Для начала я попросил официанта принести салат. Мясник опять нахмурился.
— После салата и мартини, — изрек он, — невозможно оценить букет вина. Извиняюсь, конечно.
— Ну что ж. — Я сдался без боя. — Салат можно оставить на потом.
Он заказал бифштекс с кровью, а я — хорошо прожаренный.
— Прошу меня простить, но мясо долго поджаривать нельзя.
— Это вам не Жанна д'Арк, — подхватил я и хохотнул.
— Неплохо сказано! Что правда, то правда, это не Жанна д'Арк!
Тут нам принесли вино. Когда бутылку откупорили, я быстро подставил свой бокал и тайно порадовался, что мартини подадут позже, а то и вовсе забудут; чтобы сгладить напряжение следующей минуты, я вдохнул аромат, покрутил бокал и пригубил хваленый «Сент-Эмильон». Мясник не сводил с меня взгляда, как домашний кот с малознакомого пса.
Прикрыв глаза, я сделал крошечный глоток и кивнул.
Малознакомый сотрапезник тоже отпил вина и кивнул.
Ничья.
Мы принялись разглядывать панораму вечерней Флоренции.
— Хотел спросить… — начал я, тяготясь молчанием. — Вам нравится флорентийская живопись?
— Картины мне как-то не по нутру, — признался он. — Вот гулять и по сторонам глазеть — это другое дело. Какие в Италии женщины! Их бы заморозить да отправить морем в наши края!

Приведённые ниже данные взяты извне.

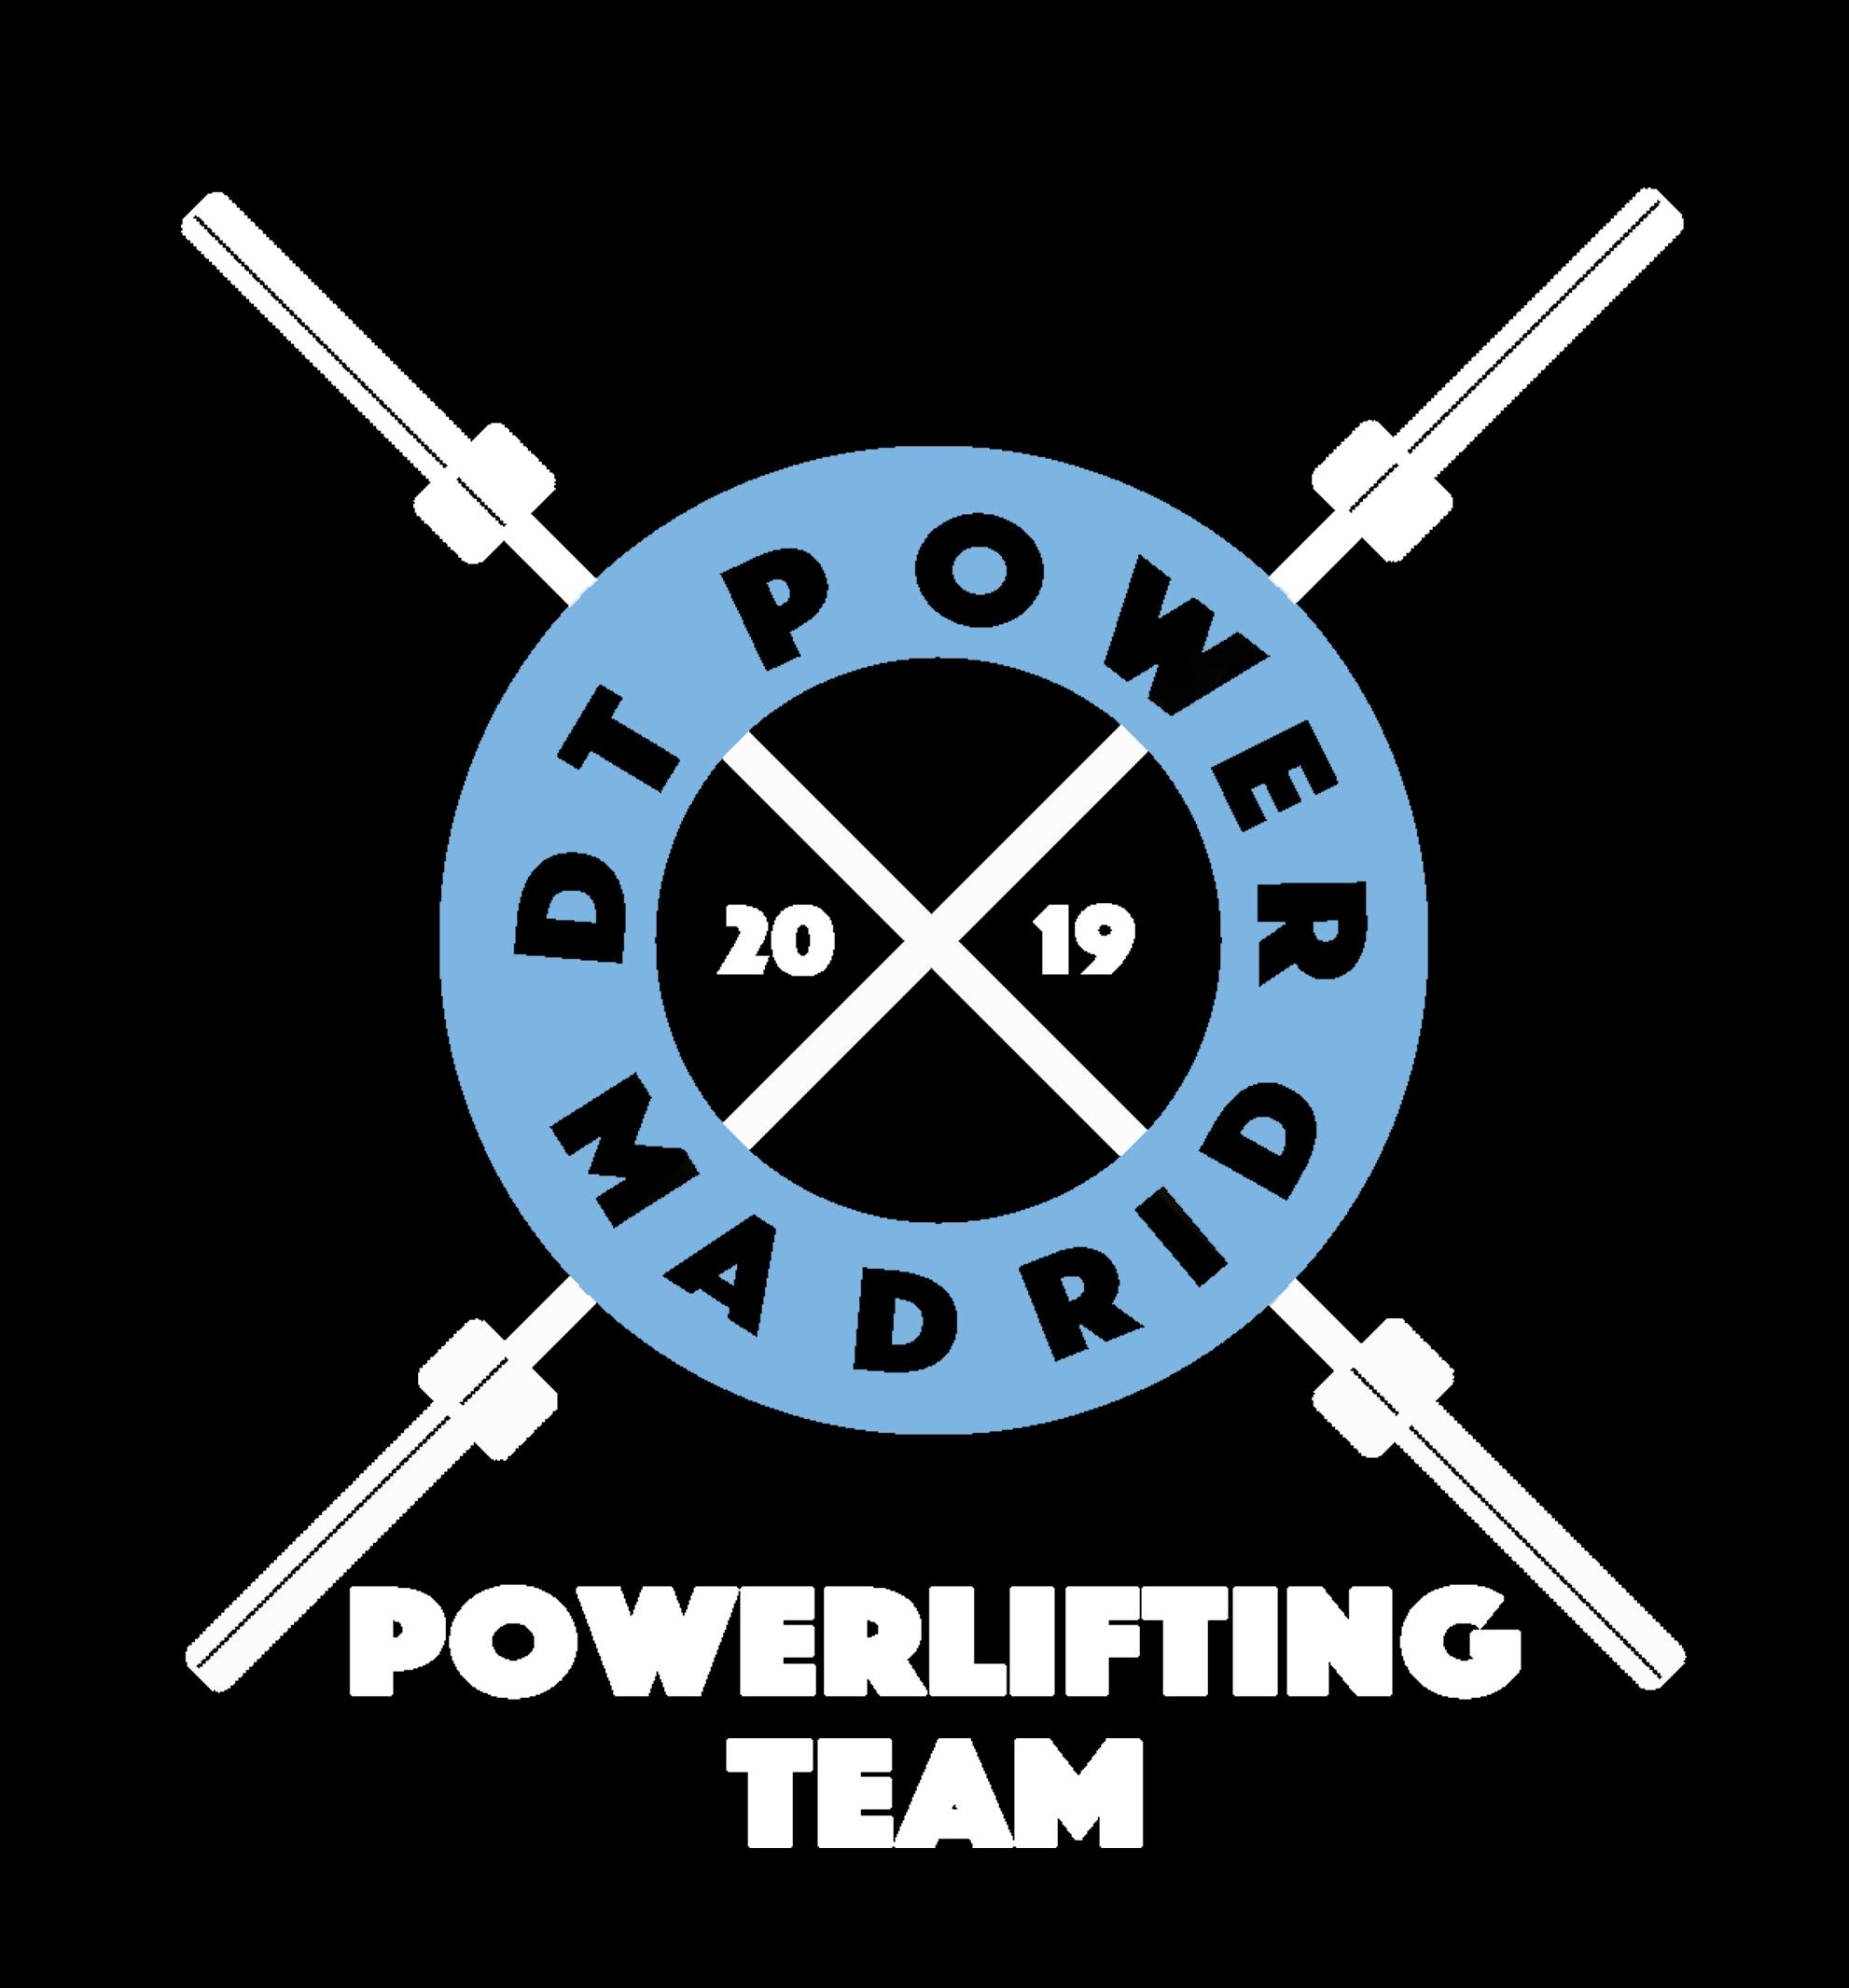 Logo DT POWER

— Хм… ну… — Я прочистил горло. — А Джотто?..
— Тоску нагоняет. Уж не обессудьте. Как на мой вкус, Джотто поспешил родиться, ему бы попозже прийти в искусство. Фигуры тощие, как жерди. Мазаччо — и то получше будет. А уж Рафаэль — тот всем сто очков вперед даст! И Рубенс, конечно! Я в силу своего ремесла предпочитаю обилие плоти.
— Рубенс?
— Рубенс! — Поддев вилкой пару прозрачных ломтиков салями, Гарри Стадлер отправил их в рот и мечтательно пожевал. — Рубенс! Тут тебе и бюсты, и задницы, целые горы плоти, розовой, нежной! Прямо сердце екает при виде такого богатства. Каждая женщина — как перина: прыгай на нее, заройся с головой… А на кой черт нужен этот мраморный Давид? Холодный, белый, хоть бы фиговым листочком прикрылся! Нет, мне подавай сочность, свежесть, да побольше мяса, а не сухие кости. Эй, да вы ничего не едите!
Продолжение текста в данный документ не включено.